| Supplied data |
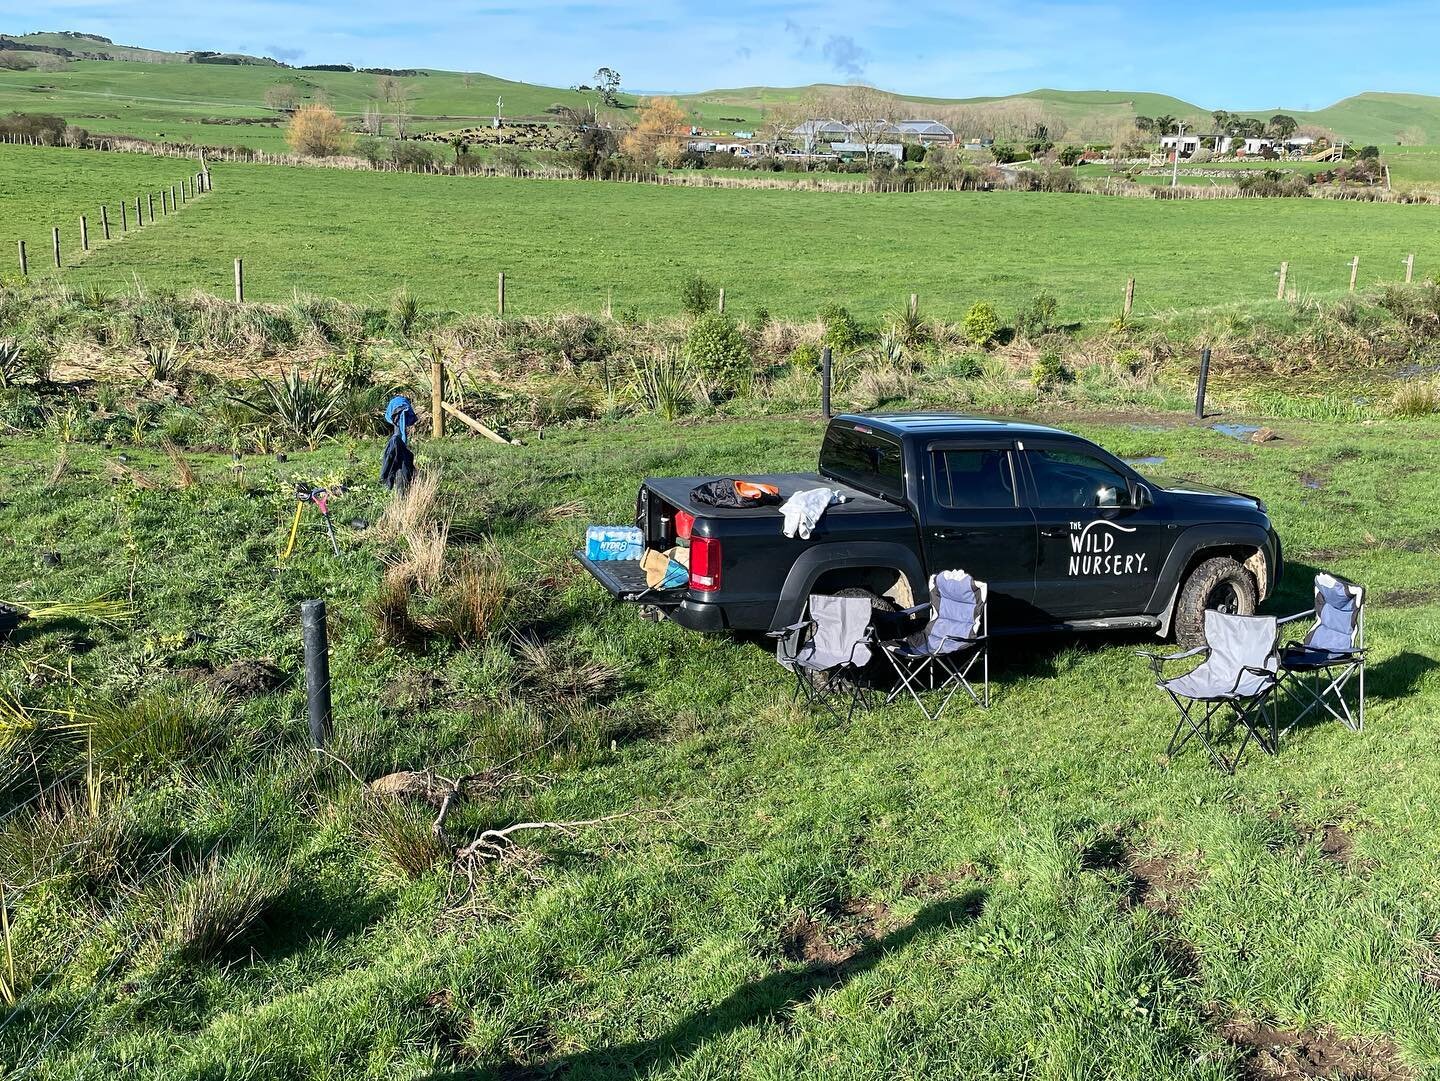 Over 4,000 native grasses, flaxes and trees planted by Wild Nursery around our Tuna drains. Awesome job. Super healthy trees. Big thanks to NZ Landcare Trust, Waikato River Authority, WCEET, Trees that Count for their support, and Wild Nursery for th
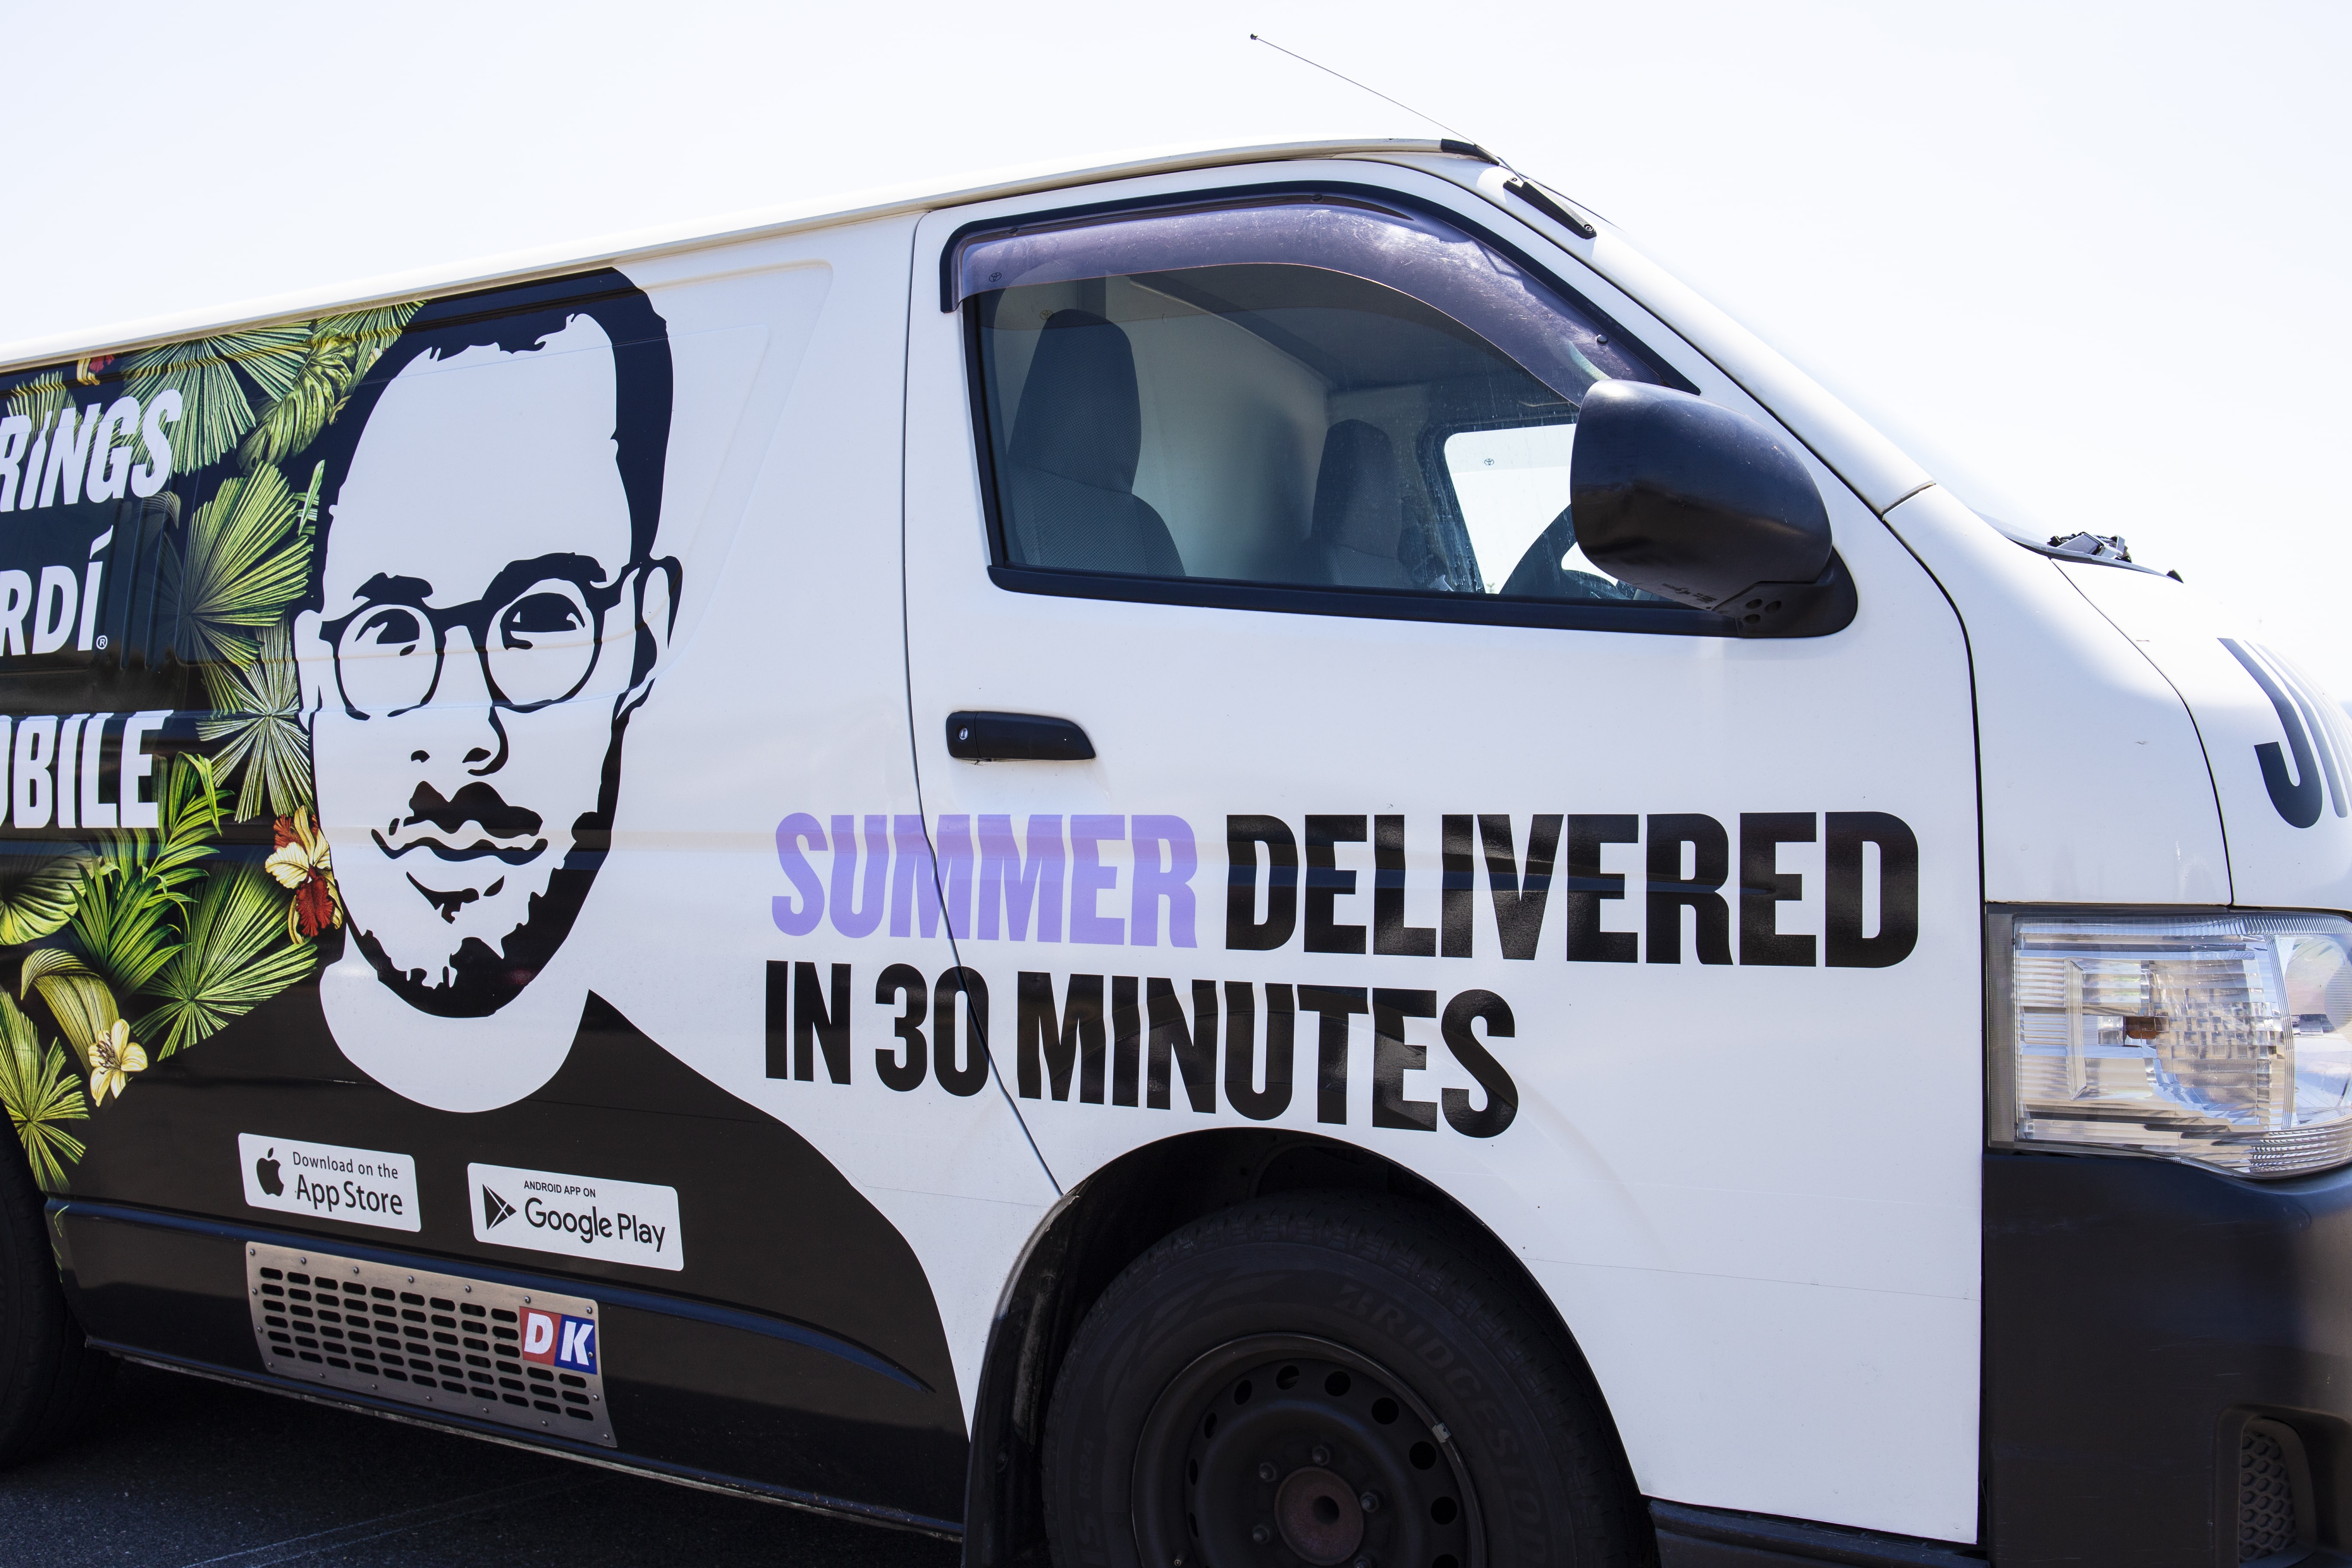 Bacardi Teams Up With Undeniably Convenient Jimmy Brings To Deliver Summer In 30 Minutes.
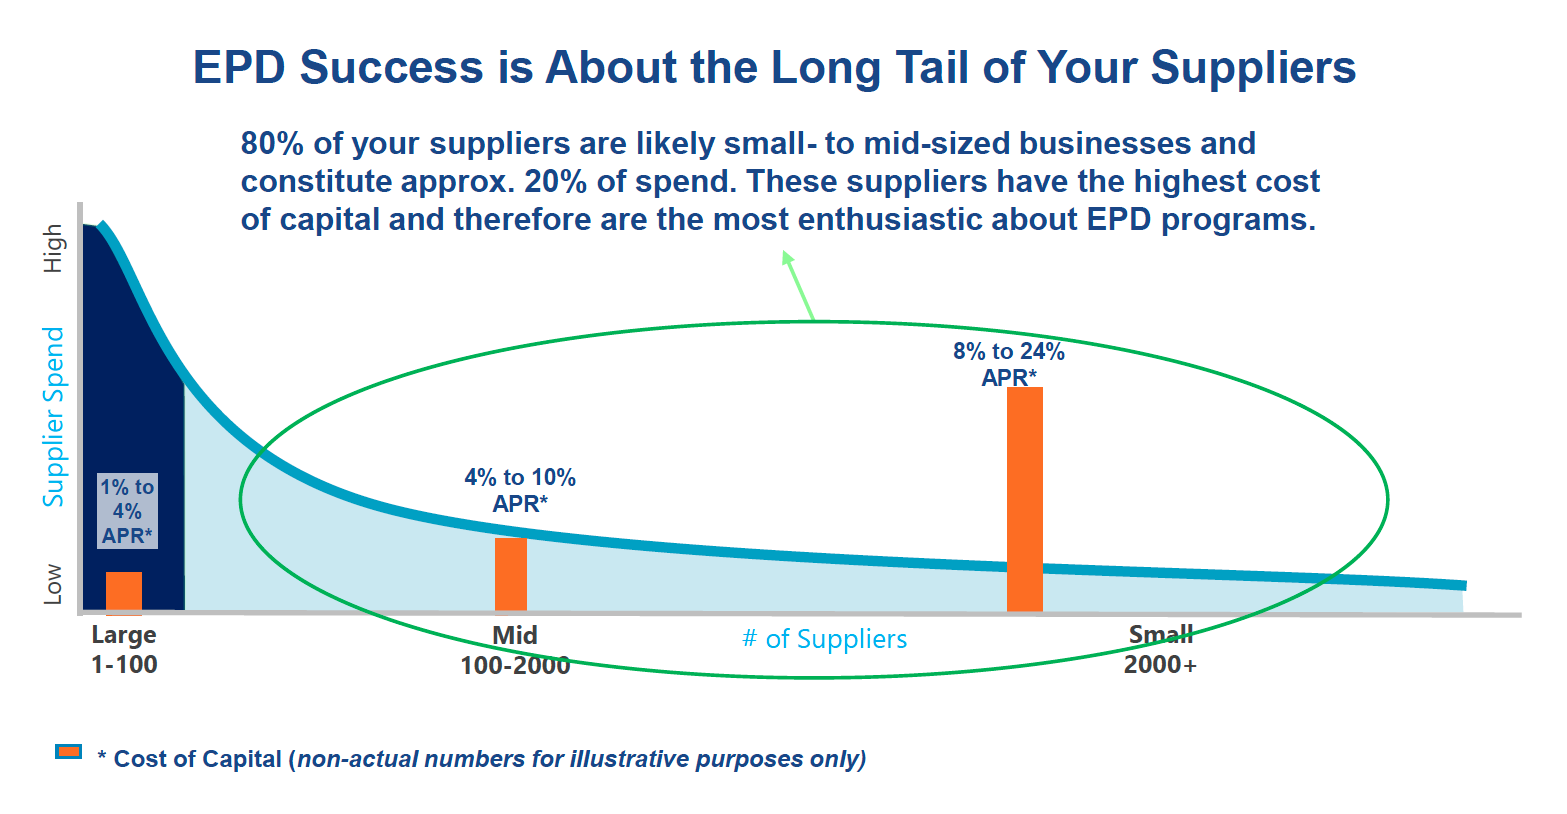 EPD Success is About the Long Tail of Your Suppliers
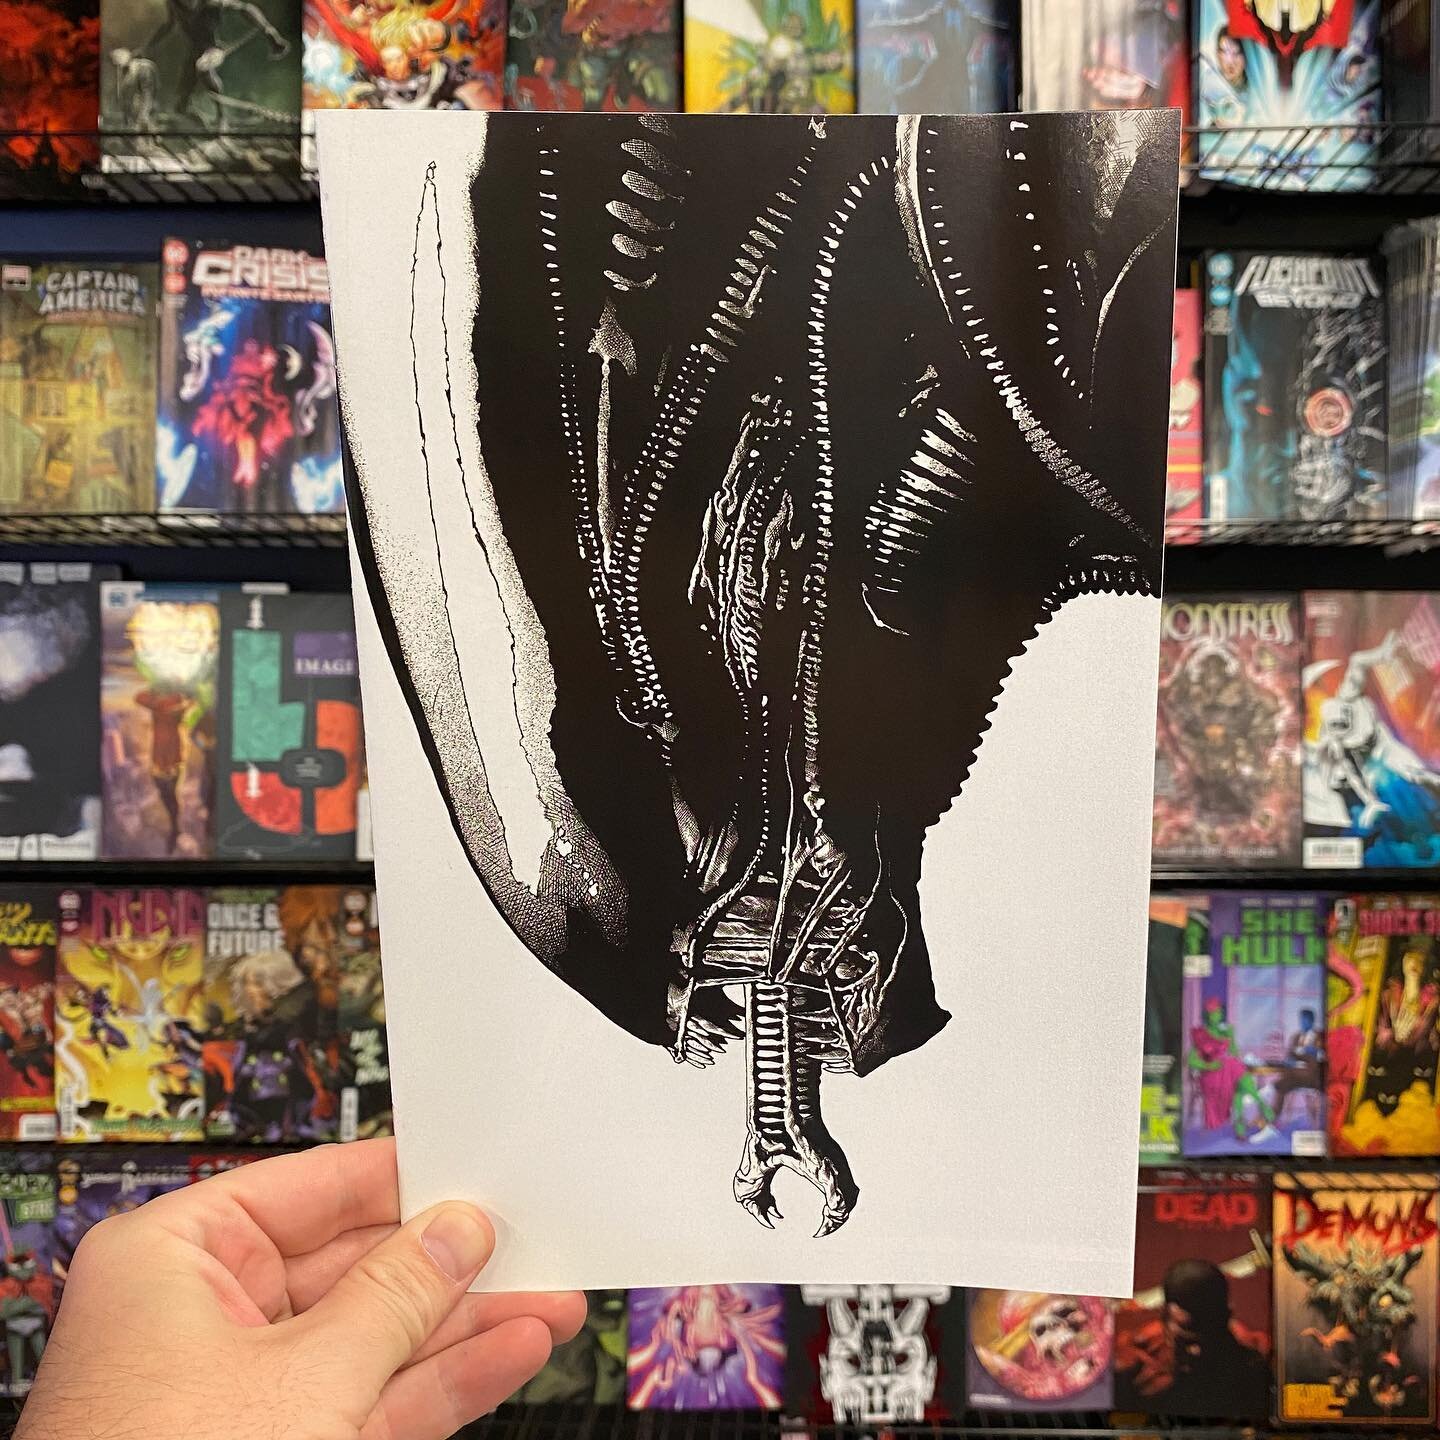 You don&rsquo;t need me to tell you it&rsquo;s New Comic Book Day! You *know* it is! And we&rsquo;ve got the books: 3 new Bat books, Alien 1 with a badass PX exclusive variant, the new Dark Crisis, an action packed Avengers 1, highly anticipated Eigh

| Task |
All of the data, minus its pictures, should be repeated exactly.

| Written solution |
 Over 4,000 native grasses, flaxes and trees planted by Wild Nursery around our Tuna drains. Awesome job. Super healthy trees. Big thanks to NZ Landcare Trust, Waikato River Authority, WCEET, Trees that Count for their support, and Wild Nursery for th
 Bacardi Teams Up With Undeniably Convenient Jimmy Brings To Deliver Summer In 30 Minutes.
 EPD Success is About the Long Tail of Your Suppliers
 You don&rsquo;t need me to tell you it&rsquo;s New Comic Book Day! You *know* it is! And we&rsquo;ve got the books: 3 new Bat books, Alien 1 with a badass PX exclusive variant, the new Dark Crisis, an action packed Avengers 1, highly anticipated Eigh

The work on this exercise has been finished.